Firstly, this analysis tries to understand the link between so motley connected companies in terms of the resource and capabilities. The Virgin group owns the resources and capabilities in each of these companies even though there is no one single parent company registered to own all of them (Grant, p807, 2010).
The virgin group was listed in NASDAQ for a shorter time but Richard Branson managed to take over all the external shareholders thereby able to convert the company back to a private company (Grant, p809, 2010). All the virgin companies are financed on a stand-alone basis and are funded by internal cash flows and external financing. When running a group of private companies, seeking long-term capital growth is the best approach (Grant, p807, 2010). Richard Branson clearly identifies this as the strategy of the company and he is successful in achieving such results. This is an organizational capability that virgin group is having. As mentioned in the case study, Mr. Branson and team are able to fund one business from the profit of the other and this may not have been possible in the case of public company because of the regulations in place. Such resource and capabilities are the primary determinants of a firm’s strategy and performance (Grant, p122, 2010). Virgin brand extends from train travel and financial services to nightclubs and music downloads. Few brands encompass such a wide range of products. The brand Virgin is one of the greatest assets the company has and Richard Branson is able to launch new ventures under the same brand there by adding brand equity to the new one.
Based on the company annual reports (Grant, p821, 2010) Virgin rail group holdings generate a very minimum net profit when compared to the total revenue it generates. This would mean there is a high operating cost involved in running this firm. Forty-nine percentage of stake of this company belongs to Stagecoach. Richard Branson may need to consider further divest in Virgin rail to avoid future losses. When there are many companies making good profit and the others making loss a strategic approach to divest and invest needs to be carried out. Divestment provides capital to support new business ventures (Grant, p809, 2010). The large number of companies under Virgin elevates the risks involved and divestment strategy can help to avoid risks. However, this should not be by not giving a firm an opportunity for investment. The case study is not giving enough details to find out the rate of return of the companies to do selective divestment analysis.

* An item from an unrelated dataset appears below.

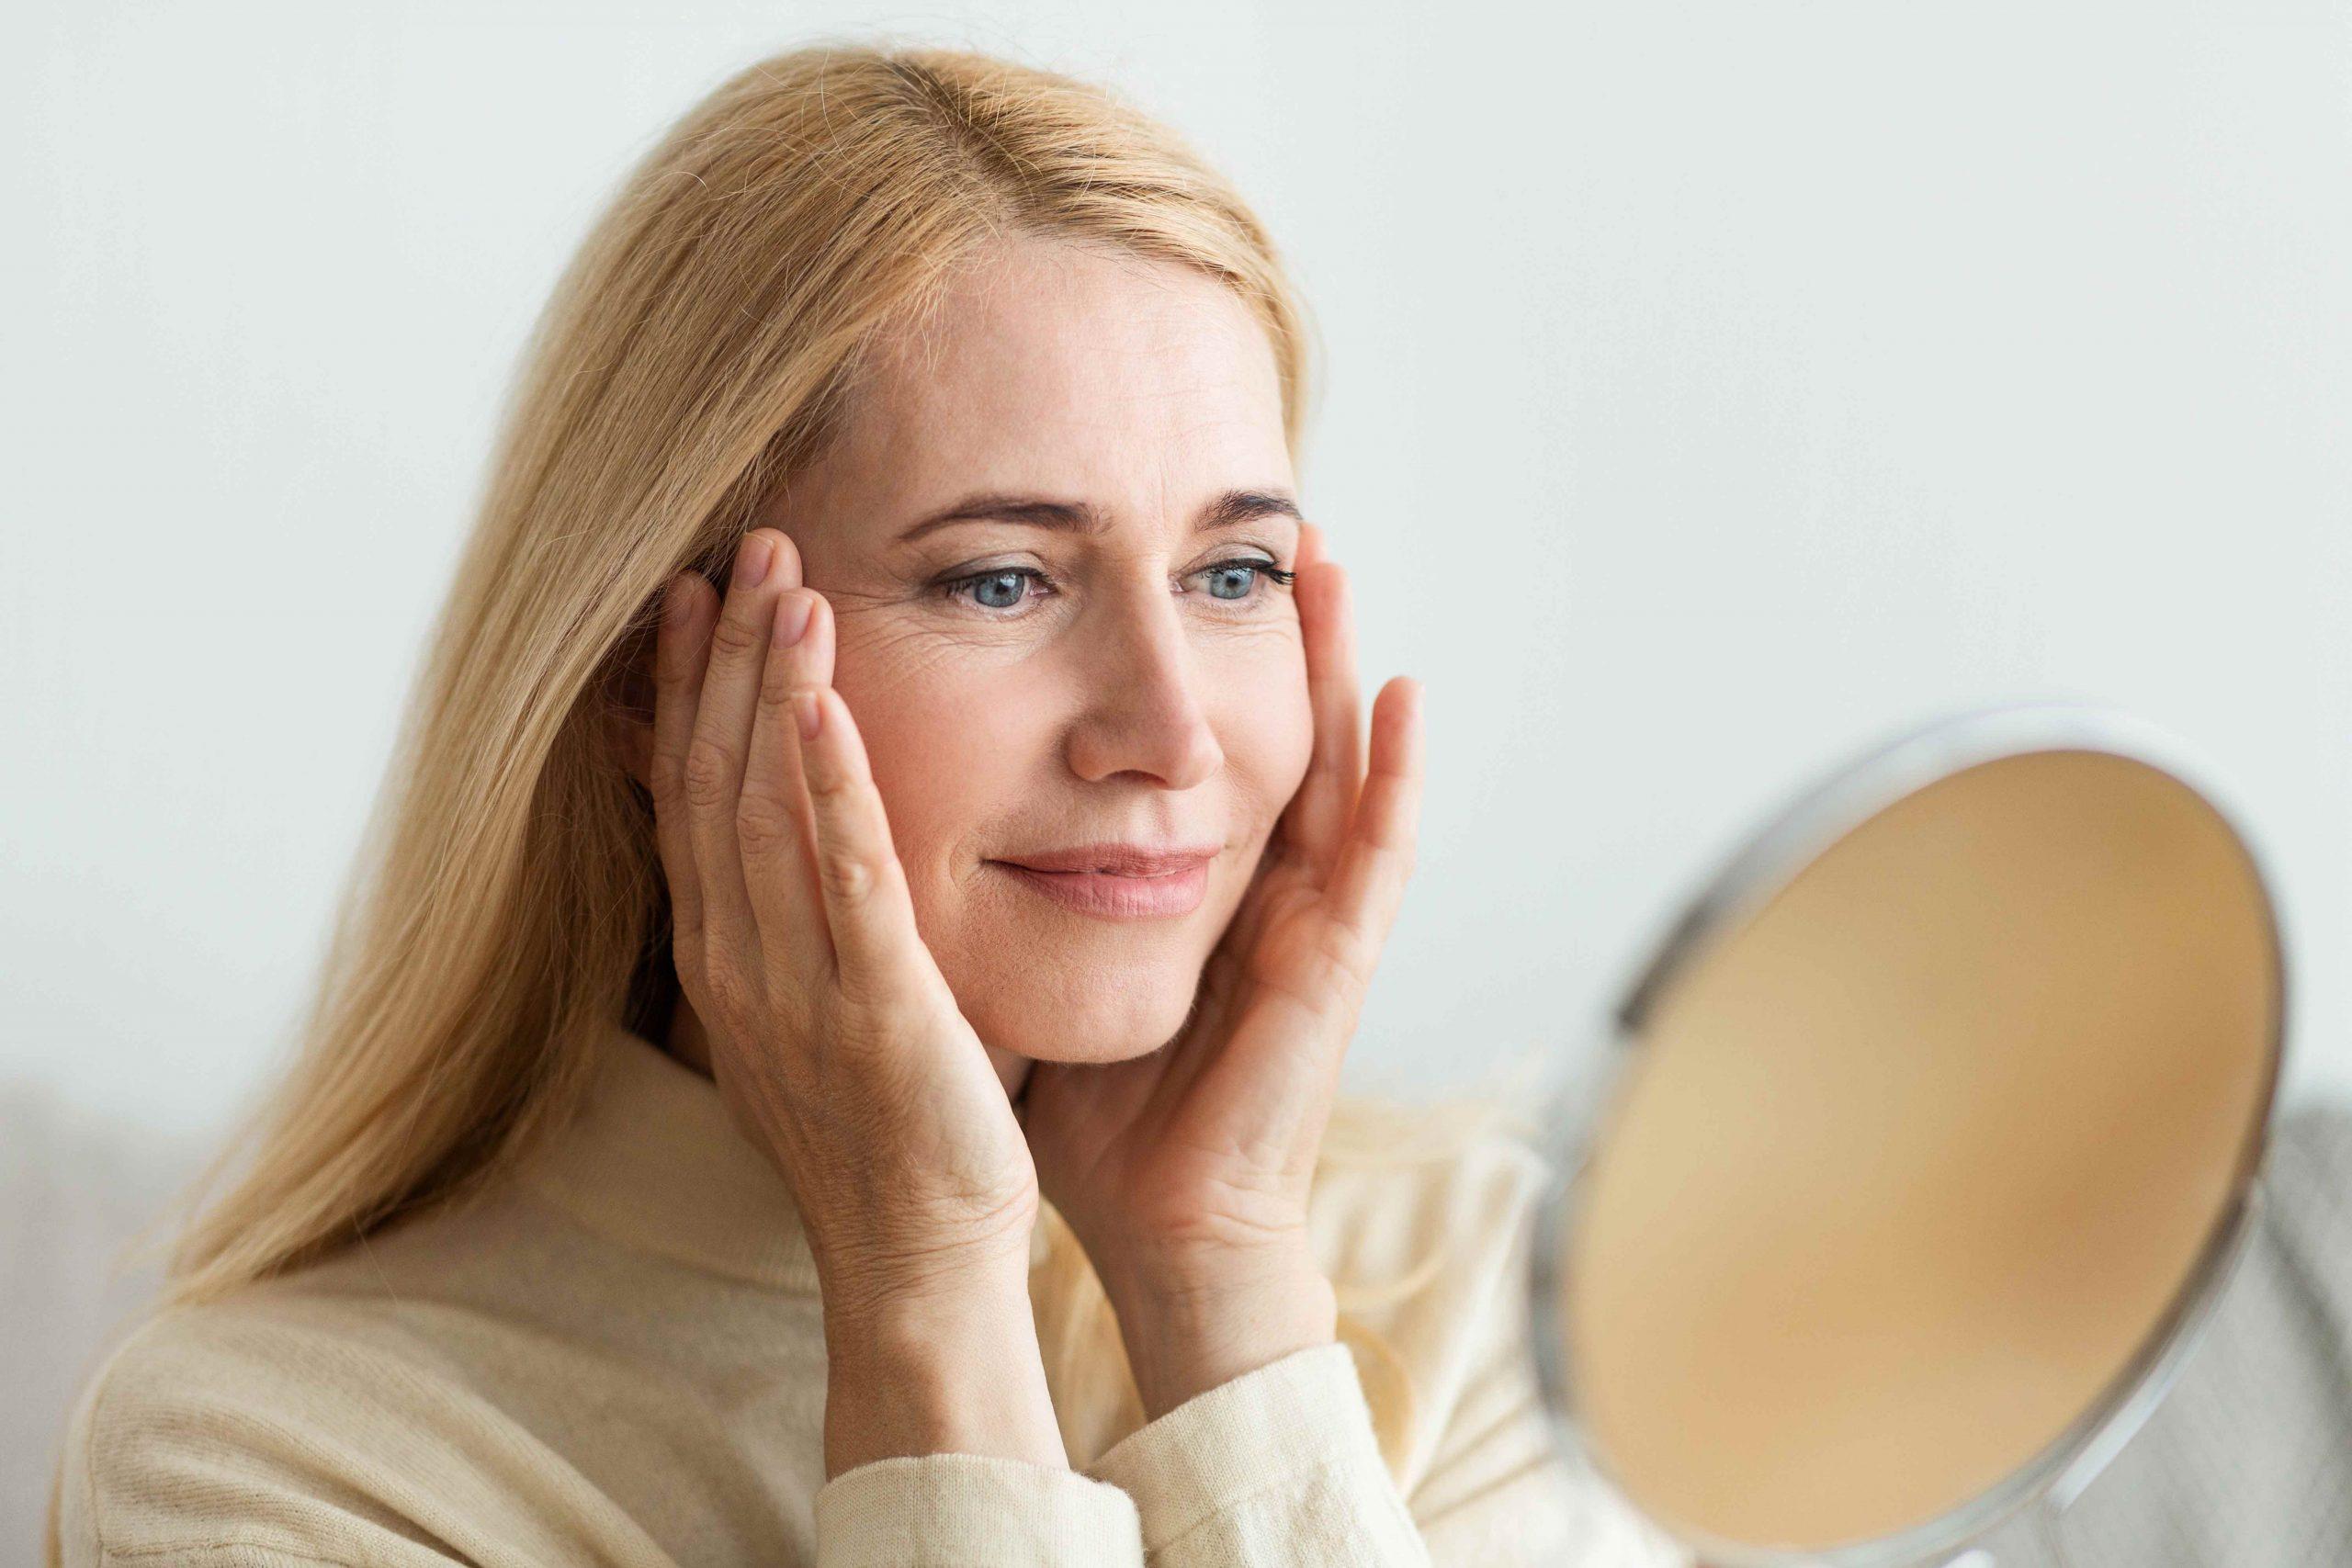 benefits of laser skin technology

Virgin group operates in market with some common features, where customers are under served, there is confusion or where the competition is contented (Grant, p811, 2010). Is this a selection criterion for Virgin to enter into a diversified market? Once entered Virgin is able to deliver good quality service, value for money, better customer service etc... Grant (2010) cites the diversification decision by firms involves two issues namely, how attractive the new industry would be and how to establish a competitive advantage with in the new industry. One of the major criteria for Branson to consider for diversification is the risk management. Shareholders manage different portfolios to do risk management in their investments. Similarly, managers or company owners like Branson should diversify their business to reduce risks.
Branson need to analyse the shareholder value for diversification decisions. Porter (Grant, p408, 2010) proposes the three “essential tests” to decide whether diversification creates shareholder value (As shown in Figure 1)
Figure -1 Source: www.contemporarystrategyanalysis.com 2010 Robert M. Grant
Branson can make use of the already existing internal capital markets for diversifications. This is an advantage to Virgin group when new diversifications are pursued (Grant, p413, 2010).
As mentioned earlier the financial reporting of Virgin companies is fragmented. Accounting details are not captured from a single holding company point of view. Tracking of financial results is highly complicated in such a scenario. The virgin brand power and Branson’s celebrity status helped Branson to acquire disproportionate equity stakes in the joint ventures (Grant, p819, 2010). In the longer term this poses serious strategic threats for the Virgin group. Its recommended for Branson and his group of companies to address these imbalances in the near future. The examples given in the case shows that there is a need of introducing better financial controls with in the group.
The virgin group provides one of the best places to work, a place where people are motivated to do their best (Grant, p818, 2010). At the same time, Branson sets high expectations from his employees including high level of commitment.
Minimum hierarchy is maintained in the organizational structure, which means short lines of communication and flexible response capability.
The virgin group of companies are controlled by over 20 holding companies. Each of them has its own assets, employees and produces various services (Grant, p816, 2010)
An illustration of the management structure as per the case is as shown the figure-2.
Figure-2
There are legal complexities involved in the management structure of Virgin group. So many chains of companies are in the hierarchy of owning the business and this loose-knit management structure is less transparent from outside. This type of structure is not advisable for any growing company, as the companies involved can adopt no centralized strategic decisions. Richard Branson may need to revisit his unconventional ideas of the current management structure.